_PROBLEM STATEMENT:_ Print the data exactly as it is given, please.

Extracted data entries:
Content starts

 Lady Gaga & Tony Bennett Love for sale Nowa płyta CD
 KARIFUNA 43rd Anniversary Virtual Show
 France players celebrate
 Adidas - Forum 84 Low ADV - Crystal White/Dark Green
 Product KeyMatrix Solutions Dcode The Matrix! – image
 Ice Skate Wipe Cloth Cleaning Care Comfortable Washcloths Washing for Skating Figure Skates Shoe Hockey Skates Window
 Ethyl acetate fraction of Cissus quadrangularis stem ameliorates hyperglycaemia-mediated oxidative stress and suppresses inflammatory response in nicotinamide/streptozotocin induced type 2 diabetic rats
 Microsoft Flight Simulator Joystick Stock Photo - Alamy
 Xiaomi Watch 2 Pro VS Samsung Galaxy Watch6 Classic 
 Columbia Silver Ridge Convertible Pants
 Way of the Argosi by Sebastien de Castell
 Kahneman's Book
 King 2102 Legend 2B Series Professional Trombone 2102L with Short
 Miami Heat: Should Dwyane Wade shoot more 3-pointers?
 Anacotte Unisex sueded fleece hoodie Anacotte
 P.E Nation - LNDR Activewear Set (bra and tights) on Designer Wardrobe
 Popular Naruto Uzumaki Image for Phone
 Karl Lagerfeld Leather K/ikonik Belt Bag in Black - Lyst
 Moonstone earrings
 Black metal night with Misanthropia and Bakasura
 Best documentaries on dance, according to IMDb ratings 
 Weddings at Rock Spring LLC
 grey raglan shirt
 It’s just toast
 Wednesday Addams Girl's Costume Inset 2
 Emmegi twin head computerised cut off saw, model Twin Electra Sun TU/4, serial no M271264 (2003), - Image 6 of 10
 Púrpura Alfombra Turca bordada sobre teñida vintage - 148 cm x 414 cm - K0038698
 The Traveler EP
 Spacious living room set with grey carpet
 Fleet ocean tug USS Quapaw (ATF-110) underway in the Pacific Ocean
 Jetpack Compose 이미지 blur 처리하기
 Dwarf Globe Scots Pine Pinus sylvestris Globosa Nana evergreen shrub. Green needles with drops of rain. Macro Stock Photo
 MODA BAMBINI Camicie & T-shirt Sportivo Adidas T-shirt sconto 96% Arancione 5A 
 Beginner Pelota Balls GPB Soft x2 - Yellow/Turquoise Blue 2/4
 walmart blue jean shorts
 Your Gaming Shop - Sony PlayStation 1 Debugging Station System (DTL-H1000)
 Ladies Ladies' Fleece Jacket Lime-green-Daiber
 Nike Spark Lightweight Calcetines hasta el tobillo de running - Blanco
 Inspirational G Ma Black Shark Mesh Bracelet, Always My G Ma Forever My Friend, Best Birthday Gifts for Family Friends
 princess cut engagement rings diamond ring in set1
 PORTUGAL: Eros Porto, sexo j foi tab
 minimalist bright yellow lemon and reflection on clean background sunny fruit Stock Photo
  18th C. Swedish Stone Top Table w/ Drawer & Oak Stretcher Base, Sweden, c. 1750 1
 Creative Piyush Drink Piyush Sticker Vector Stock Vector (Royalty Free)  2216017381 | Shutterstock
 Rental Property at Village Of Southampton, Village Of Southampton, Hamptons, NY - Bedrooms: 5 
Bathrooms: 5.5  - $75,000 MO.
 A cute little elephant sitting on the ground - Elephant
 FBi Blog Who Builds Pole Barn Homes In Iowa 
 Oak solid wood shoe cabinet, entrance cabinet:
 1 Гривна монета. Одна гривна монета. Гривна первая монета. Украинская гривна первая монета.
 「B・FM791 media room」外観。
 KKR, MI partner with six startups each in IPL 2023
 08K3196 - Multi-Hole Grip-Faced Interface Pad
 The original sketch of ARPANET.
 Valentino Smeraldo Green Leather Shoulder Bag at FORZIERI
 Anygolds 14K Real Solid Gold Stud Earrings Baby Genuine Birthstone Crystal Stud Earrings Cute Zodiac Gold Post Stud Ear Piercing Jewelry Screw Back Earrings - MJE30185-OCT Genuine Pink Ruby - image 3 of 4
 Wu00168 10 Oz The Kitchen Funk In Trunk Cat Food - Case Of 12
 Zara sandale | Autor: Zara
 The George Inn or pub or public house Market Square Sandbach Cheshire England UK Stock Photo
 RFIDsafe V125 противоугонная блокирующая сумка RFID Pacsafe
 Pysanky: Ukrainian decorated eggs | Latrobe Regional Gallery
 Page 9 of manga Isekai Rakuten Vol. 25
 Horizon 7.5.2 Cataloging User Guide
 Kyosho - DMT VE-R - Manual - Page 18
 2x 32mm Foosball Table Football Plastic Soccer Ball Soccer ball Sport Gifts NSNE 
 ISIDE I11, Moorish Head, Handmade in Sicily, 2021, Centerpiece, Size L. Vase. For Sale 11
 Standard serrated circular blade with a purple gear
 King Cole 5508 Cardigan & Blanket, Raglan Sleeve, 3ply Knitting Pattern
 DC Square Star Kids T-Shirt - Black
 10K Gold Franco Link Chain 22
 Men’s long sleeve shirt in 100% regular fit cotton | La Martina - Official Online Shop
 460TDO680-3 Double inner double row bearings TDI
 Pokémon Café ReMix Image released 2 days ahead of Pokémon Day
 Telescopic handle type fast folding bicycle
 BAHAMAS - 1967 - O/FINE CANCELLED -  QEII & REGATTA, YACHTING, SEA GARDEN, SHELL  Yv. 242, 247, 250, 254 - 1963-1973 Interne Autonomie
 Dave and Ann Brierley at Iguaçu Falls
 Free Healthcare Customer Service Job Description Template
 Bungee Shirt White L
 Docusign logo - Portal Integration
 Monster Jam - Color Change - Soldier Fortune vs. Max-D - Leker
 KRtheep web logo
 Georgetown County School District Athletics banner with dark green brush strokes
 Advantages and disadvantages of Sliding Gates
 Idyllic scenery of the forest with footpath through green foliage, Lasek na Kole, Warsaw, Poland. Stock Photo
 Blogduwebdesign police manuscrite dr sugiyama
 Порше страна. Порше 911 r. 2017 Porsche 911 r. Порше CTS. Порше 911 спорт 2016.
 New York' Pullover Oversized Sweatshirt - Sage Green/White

Content ends

_EXERCISE RESPONSE:_
 Lady Gaga & Tony Bennett Love for sale Nowa płyta CD
 KARIFUNA 43rd Anniversary Virtual Show
 France players celebrate
 Adidas - Forum 84 Low ADV - Crystal White/Dark Green
 Product KeyMatrix Solutions Dcode The Matrix! – image
 Ice Skate Wipe Cloth Cleaning Care Comfortable Washcloths Washing for Skating Figure Skates Shoe Hockey Skates Window
 Ethyl acetate fraction of Cissus quadrangularis stem ameliorates hyperglycaemia-mediated oxidative stress and suppresses inflammatory response in nicotinamide/streptozotocin induced type 2 diabetic rats
 Microsoft Flight Simulator Joystick Stock Photo - Alamy
 Xiaomi Watch 2 Pro VS Samsung Galaxy Watch6 Classic 
 Columbia Silver Ridge Convertible Pants
 Way of the Argosi by Sebastien de Castell
 Kahneman's Book
 King 2102 Legend 2B Series Professional Trombone 2102L with Short
 Miami Heat: Should Dwyane Wade shoot more 3-pointers?
 Anacotte Unisex sueded fleece hoodie Anacotte
 P.E Nation - LNDR Activewear Set (bra and tights) on Designer Wardrobe
 Popular Naruto Uzumaki Image for Phone
 Karl Lagerfeld Leather K/ikonik Belt Bag in Black - Lyst
 Moonstone earrings
 Black metal night with Misanthropia and Bakasura
 Best documentaries on dance, according to IMDb ratings 
 Weddings at Rock Spring LLC
 grey raglan shirt
 It’s just toast
 Wednesday Addams Girl's Costume Inset 2
 Emmegi twin head computerised cut off saw, model Twin Electra Sun TU/4, serial no M271264 (2003), - Image 6 of 10
 Púrpura Alfombra Turca bordada sobre teñida vintage - 148 cm x 414 cm - K0038698
 The Traveler EP
 Spacious living room set with grey carpet
 Fleet ocean tug USS Quapaw (ATF-110) underway in the Pacific Ocean
 Jetpack Compose 이미지 blur 처리하기
 Dwarf Globe Scots Pine Pinus sylvestris Globosa Nana evergreen shrub. Green needles with drops of rain. Macro Stock Photo
 MODA BAMBINI Camicie & T-shirt Sportivo Adidas T-shirt sconto 96% Arancione 5A 
 Beginner Pelota Balls GPB Soft x2 - Yellow/Turquoise Blue 2/4
 walmart blue jean shorts
 Your Gaming Shop - Sony PlayStation 1 Debugging Station System (DTL-H1000)
 Ladies Ladies' Fleece Jacket Lime-green-Daiber
 Nike Spark Lightweight Calcetines hasta el tobillo de running - Blanco
 Inspirational G Ma Black Shark Mesh Bracelet, Always My G Ma Forever My Friend, Best Birthday Gifts for Family Friends
 princess cut engagement rings diamond ring in set1
 PORTUGAL: Eros Porto, sexo j foi tab
 minimalist bright yellow lemon and reflection on clean background sunny fruit Stock Photo
  18th C. Swedish Stone Top Table w/ Drawer & Oak Stretcher Base, Sweden, c. 1750 1
 Creative Piyush Drink Piyush Sticker Vector Stock Vector (Royalty Free)  2216017381 | Shutterstock
 Rental Property at Village Of Southampton, Village Of Southampton, Hamptons, NY - Bedrooms: 5 
Bathrooms: 5.5  - $75,000 MO.
 A cute little elephant sitting on the ground - Elephant
 FBi Blog Who Builds Pole Barn Homes In Iowa 
 Oak solid wood shoe cabinet, entrance cabinet:
 1 Гривна монета. Одна гривна монета. Гривна первая монета. Украинская гривна первая монета.
 「B・FM791 media room」外観。
 KKR, MI partner with six startups each in IPL 2023
 08K3196 - Multi-Hole Grip-Faced Interface Pad
 The original sketch of ARPANET.
 Valentino Smeraldo Green Leather Shoulder Bag at FORZIERI
 Anygolds 14K Real Solid Gold Stud Earrings Baby Genuine Birthstone Crystal Stud Earrings Cute Zodiac Gold Post Stud Ear Piercing Jewelry Screw Back Earrings - MJE30185-OCT Genuine Pink Ruby - image 3 of 4
 Wu00168 10 Oz The Kitchen Funk In Trunk Cat Food - Case Of 12
 Zara sandale | Autor: Zara
 The George Inn or pub or public house Market Square Sandbach Cheshire England UK Stock Photo
 RFIDsafe V125 противоугонная блокирующая сумка RFID Pacsafe
 Pysanky: Ukrainian decorated eggs | Latrobe Regional Gallery
 Page 9 of manga Isekai Rakuten Vol. 25
 Horizon 7.5.2 Cataloging User Guide
 Kyosho - DMT VE-R - Manual - Page 18
 2x 32mm Foosball Table Football Plastic Soccer Ball Soccer ball Sport Gifts NSNE 
 ISIDE I11, Moorish Head, Handmade in Sicily, 2021, Centerpiece, Size L. Vase. For Sale 11
 Standard serrated circular blade with a purple gear
 King Cole 5508 Cardigan & Blanket, Raglan Sleeve, 3ply Knitting Pattern
 DC Square Star Kids T-Shirt - Black
 10K Gold Franco Link Chain 22
 Men’s long sleeve shirt in 100% regular fit cotton | La Martina - Official Online Shop
 460TDO680-3 Double inner double row bearings TDI
 Pokémon Café ReMix Image released 2 days ahead of Pokémon Day
 Telescopic handle type fast folding bicycle
 BAHAMAS - 1967 - O/FINE CANCELLED -  QEII & REGATTA, YACHTING, SEA GARDEN, SHELL  Yv. 242, 247, 250, 254 - 1963-1973 Interne Autonomie
 Dave and Ann Brierley at Iguaçu Falls
 Free Healthcare Customer Service Job Description Template
 Bungee Shirt White L
 Docusign logo - Portal Integration
 Monster Jam - Color Change - Soldier Fortune vs. Max-D - Leker
 KRtheep web logo
 Georgetown County School District Athletics banner with dark green brush strokes
 Advantages and disadvantages of Sliding Gates
 Idyllic scenery of the forest with footpath through green foliage, Lasek na Kole, Warsaw, Poland. Stock Photo
 Blogduwebdesign police manuscrite dr sugiyama
 Порше страна. Порше 911 r. 2017 Porsche 911 r. Порше CTS. Порше 911 спорт 2016.
 New York' Pullover Oversized Sweatshirt - Sage Green/White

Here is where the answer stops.